Anil R. Doshi and Oliver Hauser ran an experiment with roughly 300 writers. Some got GPT-4 assistance, others worked alone. Independent judges rated the AI-assisted stories as more creative. Good news for AI, right? Not exactly. Those assisted stories were also noticeably more similar to each other, reducing humanity's collective wisdom. Publishing in Science Advances, the researchers called it a "tragedy of the commons." Individual writers improved. The collective body of work got blander.

Bright Simons extends this finding in The Ideas Letter with an uncomfortable argument. LLMs don't actually think. They remember how humans thought together. The intelligence in these systems comes from the accumulated social complexity of civilization, not from transformer architecture or compute scale. When companies like IBM, Duolingo, and Klarna replace workers with AI, they thin the human discourse that future models need to improve. IBM has already walked back some of its earlier workforce reduction plans.
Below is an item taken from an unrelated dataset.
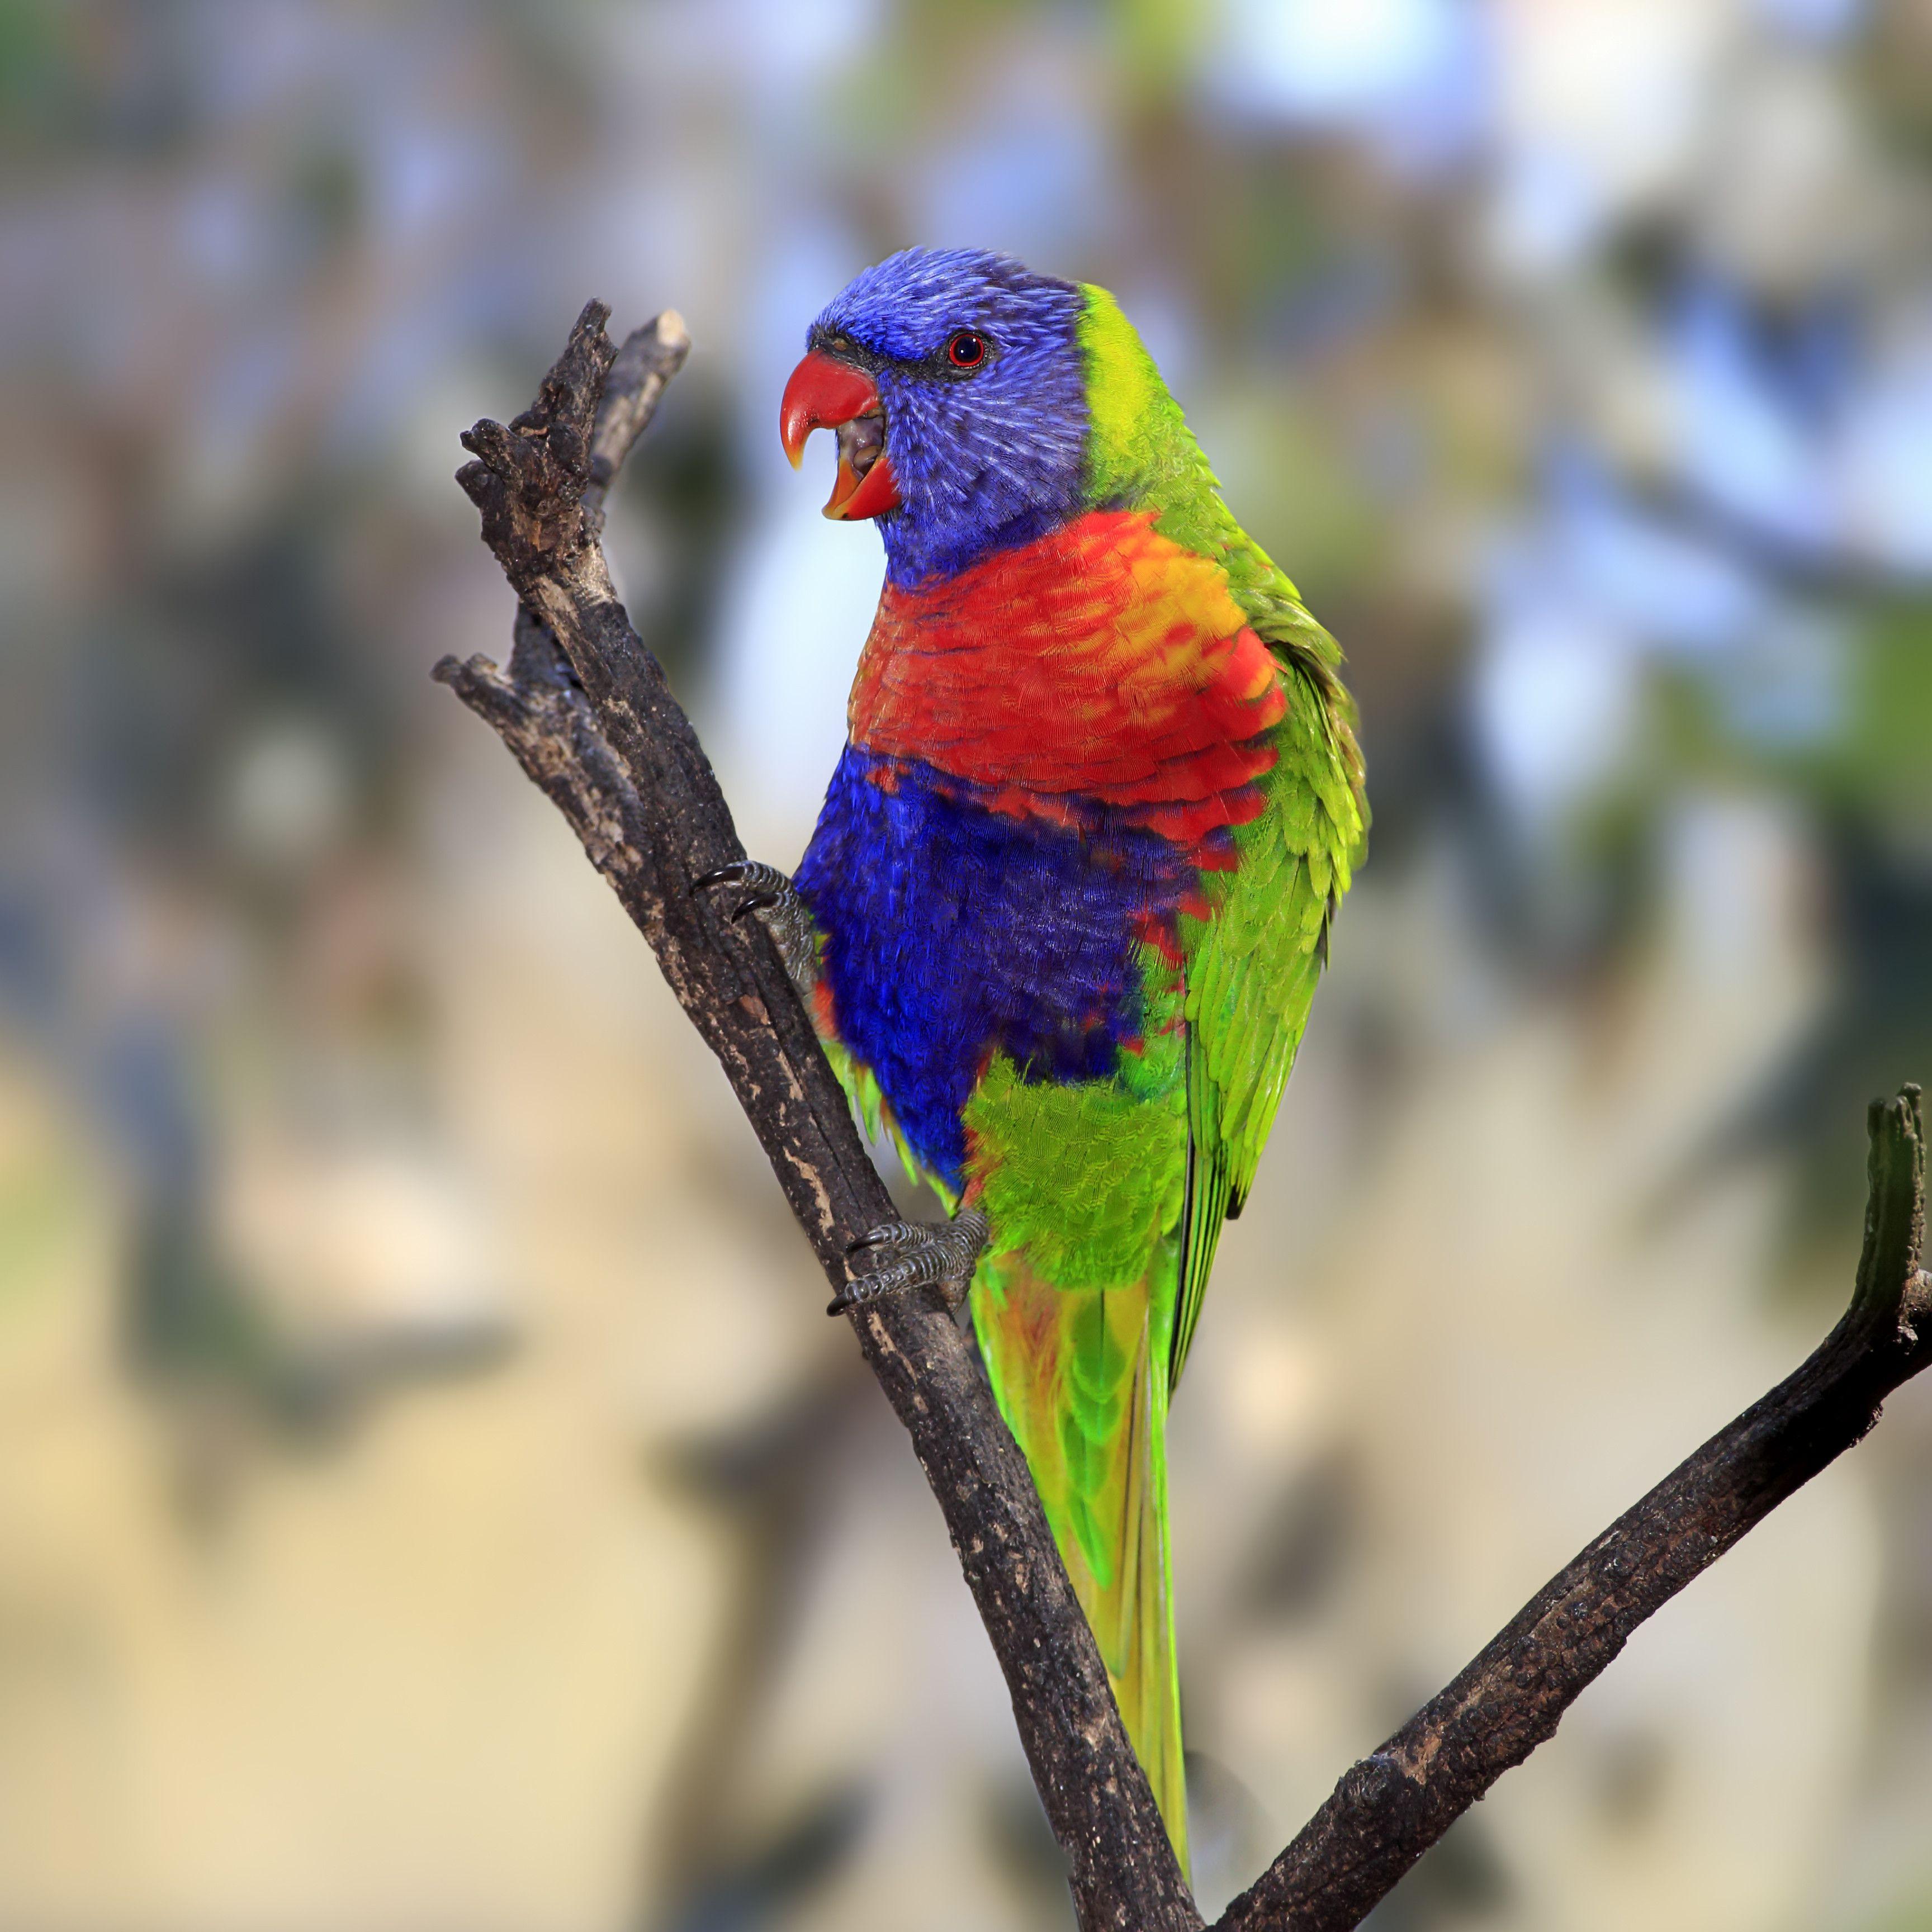 Rainbow Lorikeet -Trichoglossus haematodus-, adult bird perched on a tree, calling, South Australia, Australia
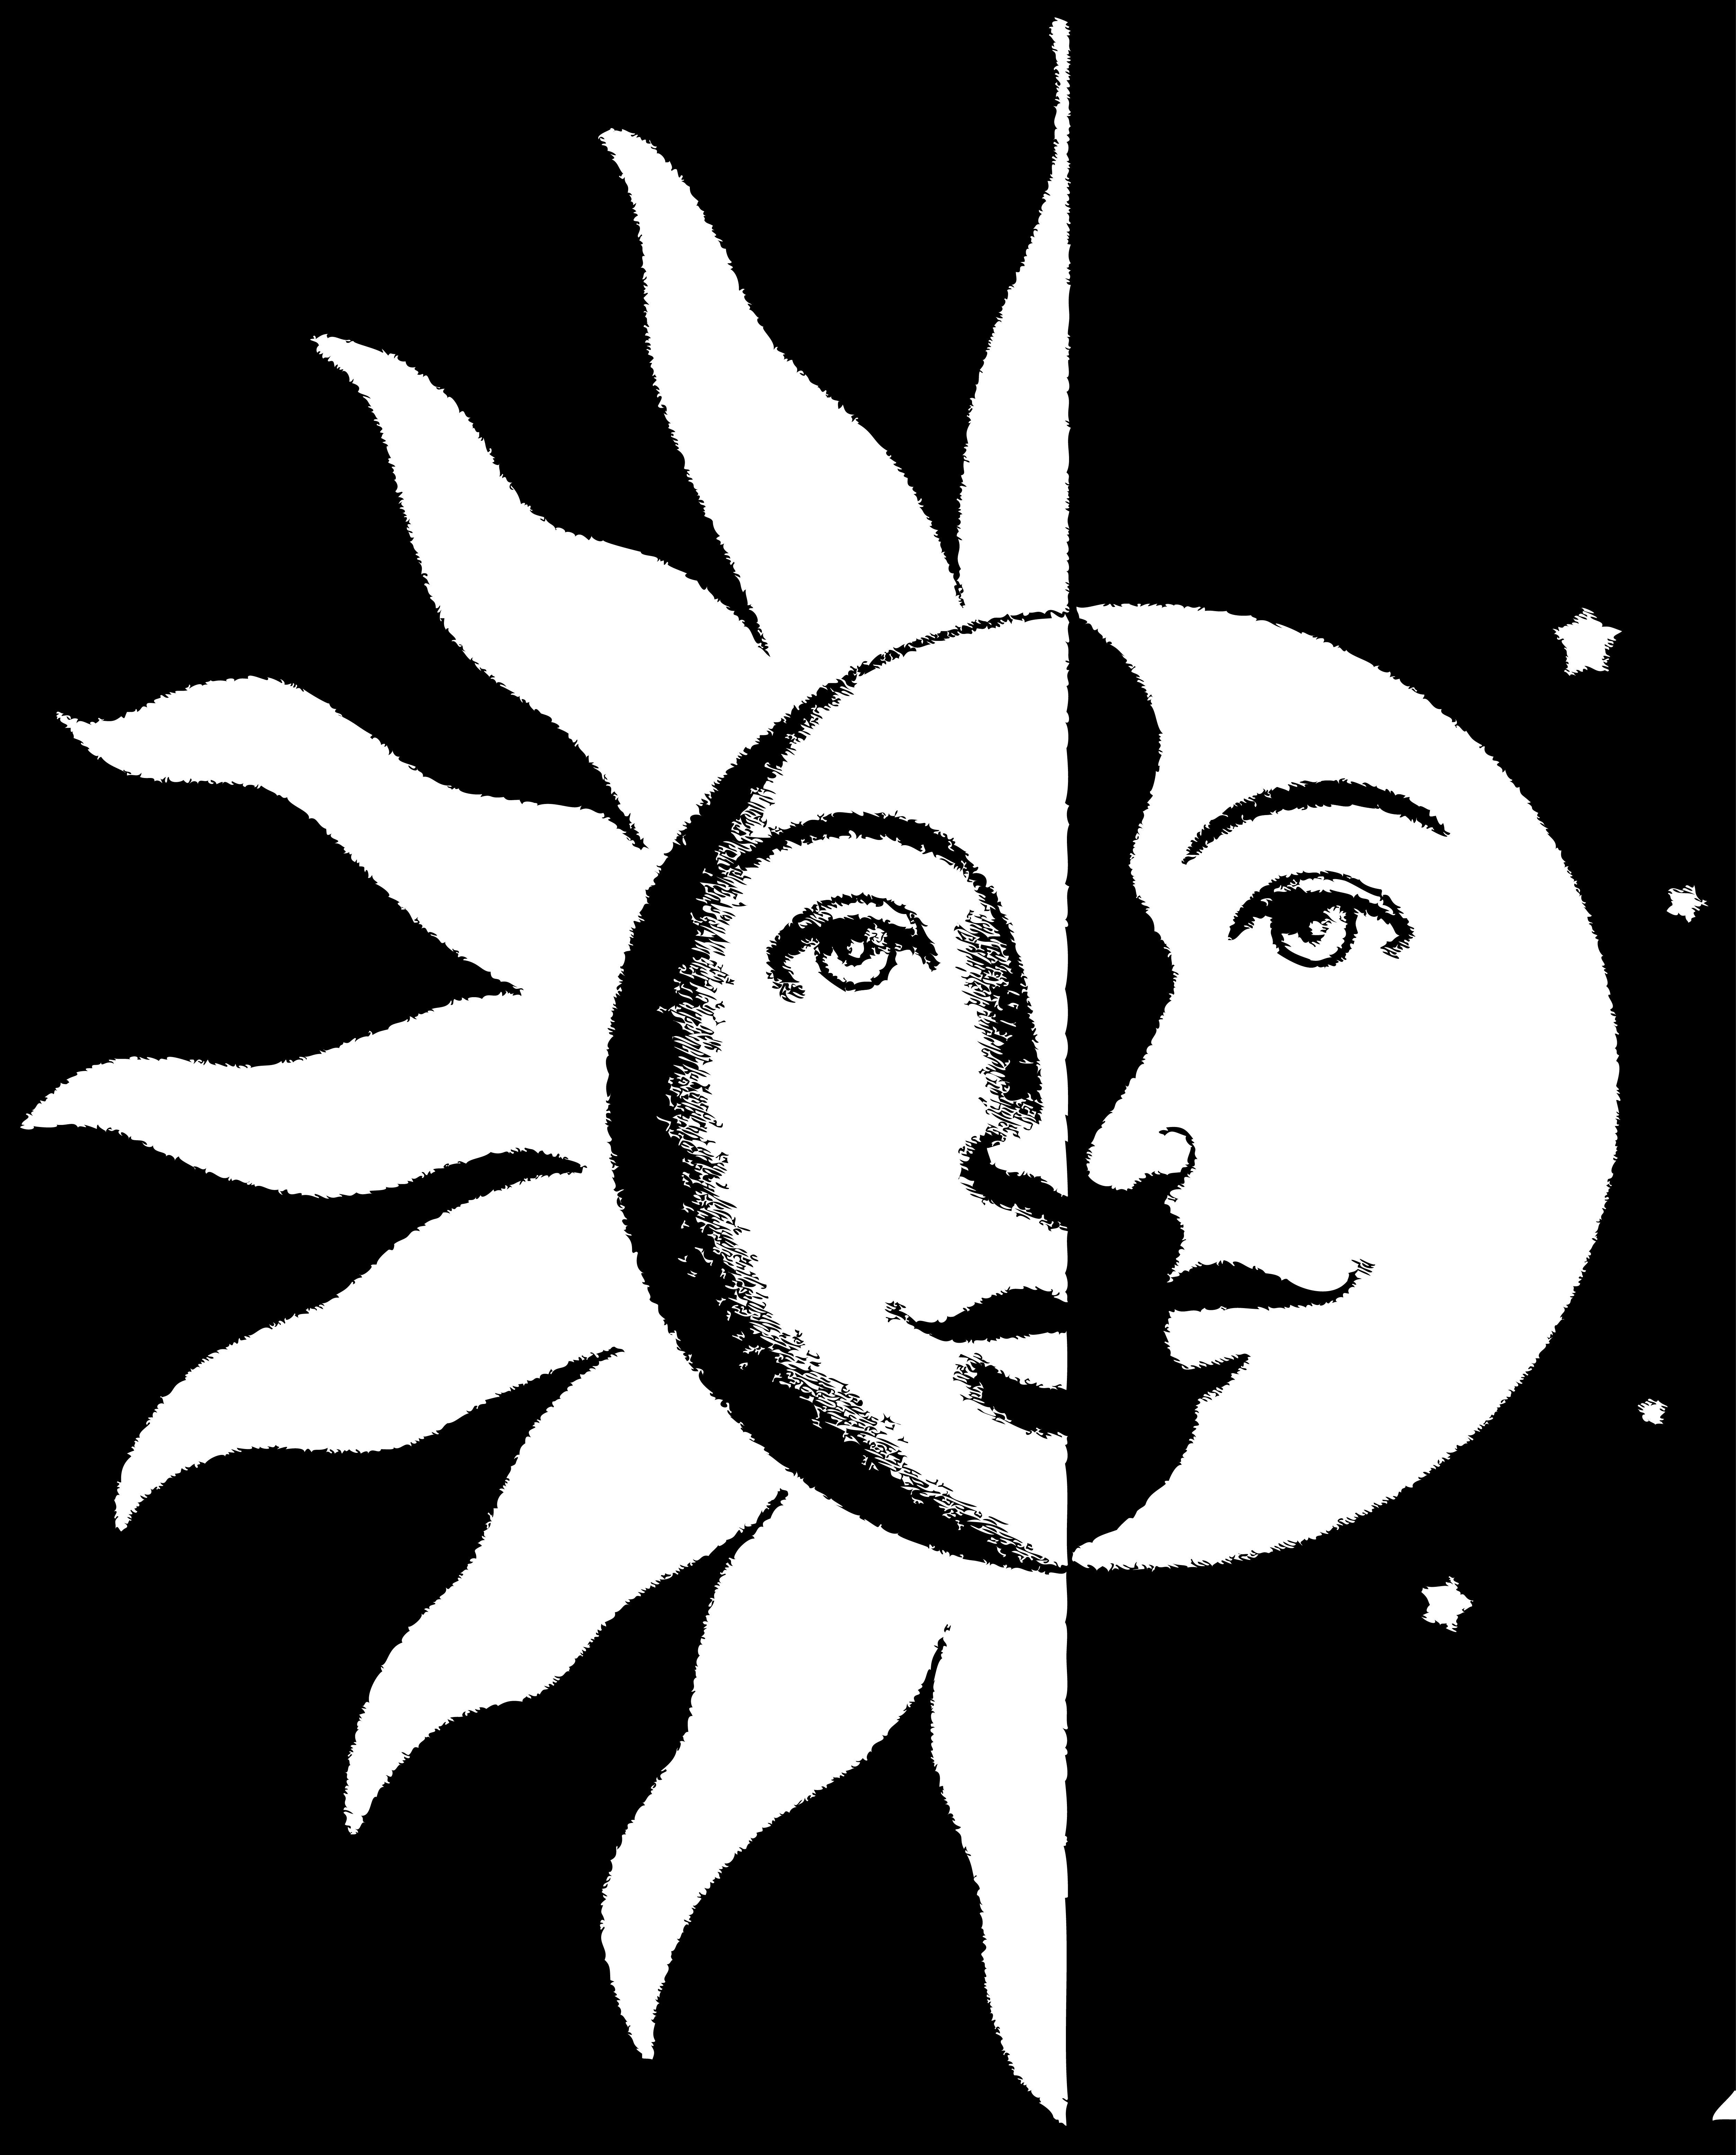 Bohemian Sun and Moon by tattoosbyashleigh on DeviantArt  |Sun And Moon Design Drawing

This isn't speculation. Ilia Shumailov and colleagues at the University of Oxford showed in Nature Machine Intelligence that models trained on AI-generated data degenerate over time. Minority viewpoints vanish. Rare knowledge disappears. Output narrows to a statistical average that's fluent and empty. Meanwhile, Stack Overflow saw a 13.5% traffic drop in early 2023 as developers turned to ChatGPT instead of posting publicly. Analysis by Originality.ai found AI-generated content among top websites surged from 2.6% to over 10% in just six months. Less human conversation means less fresh data for the next generation of models.

The companies that win won't be those that replace humans fastest. They'll be the ones using AI to generate more human interaction, not less. If we automate away the social reasoning that produces training data, the models stop getting better. We're eating our seed corn, and it tastes like productivity.